We believe the decision of Shaw to abandon its wireless venture will significantly reduce the company’s competitive strength in a highly lucrative Canadian telecom market. Shaw offers tripe-play cable TV and satellite TV, Internet, and wireline phone services, whereas its main competitor Telus Corp. (TU) offers Cable TV, Internet, wireline, and wireless services. Telus shares a national wireless network with Bell Canada, a division of BCE Inc. (BCE). Its popular Optik TV, which offers IPTV services, is quickly eroding Shaw’s market share. In addition, Shaw will now lack a major competitive weapon, which is the wireless service.

What is demoralizing for Shaw is that the company is one of the key winners of wireless spectrum auction in Canada as early as in 2008. However, the company never sets its strategies right to enter into this lucrative venture. As of now, the company spends approximately $410 million for wireless business including spectrum charges. However, it just continues to delay from late 2011 to early 2012 and now finally quit this market. The company has decided to sell its existing wireless spectrum.
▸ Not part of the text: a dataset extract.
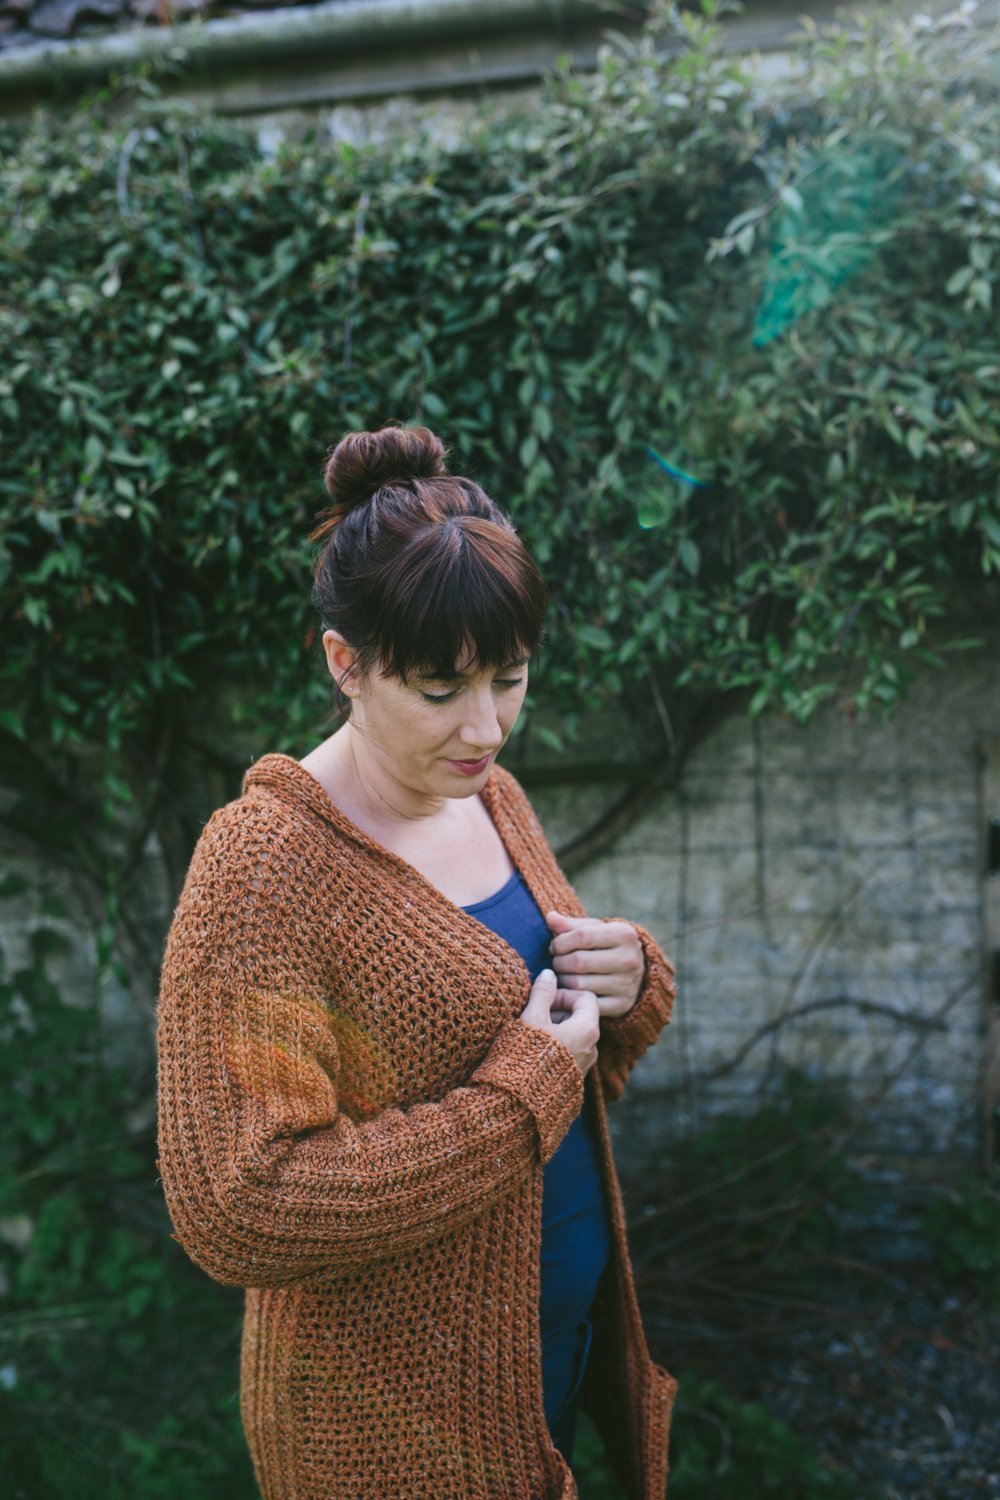 Easy Everyday Wearables by The Crochet Project Joanne Scrace

In the meantime, the Canadian wireless market becomes highly competitive. Bell Canada, Telus Corp, and Rogers Communications Inc. (RCI) account for 90% of this market. In a bid to improve service and prices through competition, the Canadian federal government has licensed four new operators beside the three existing giants. Media giant Quebecor is already offering low-cost wireless services in addition to its cable TV, Internet, and wireline services. New entrant Globalive also intends to offer wireless services in Canada.

We believe excluding wireless, Shaw Communications needs to execute its video offerings immediately, failing which the company may face server existing threat. In the previous two quarters, the company lost 27,239 cable TV customers, indicating that all is not well in this front.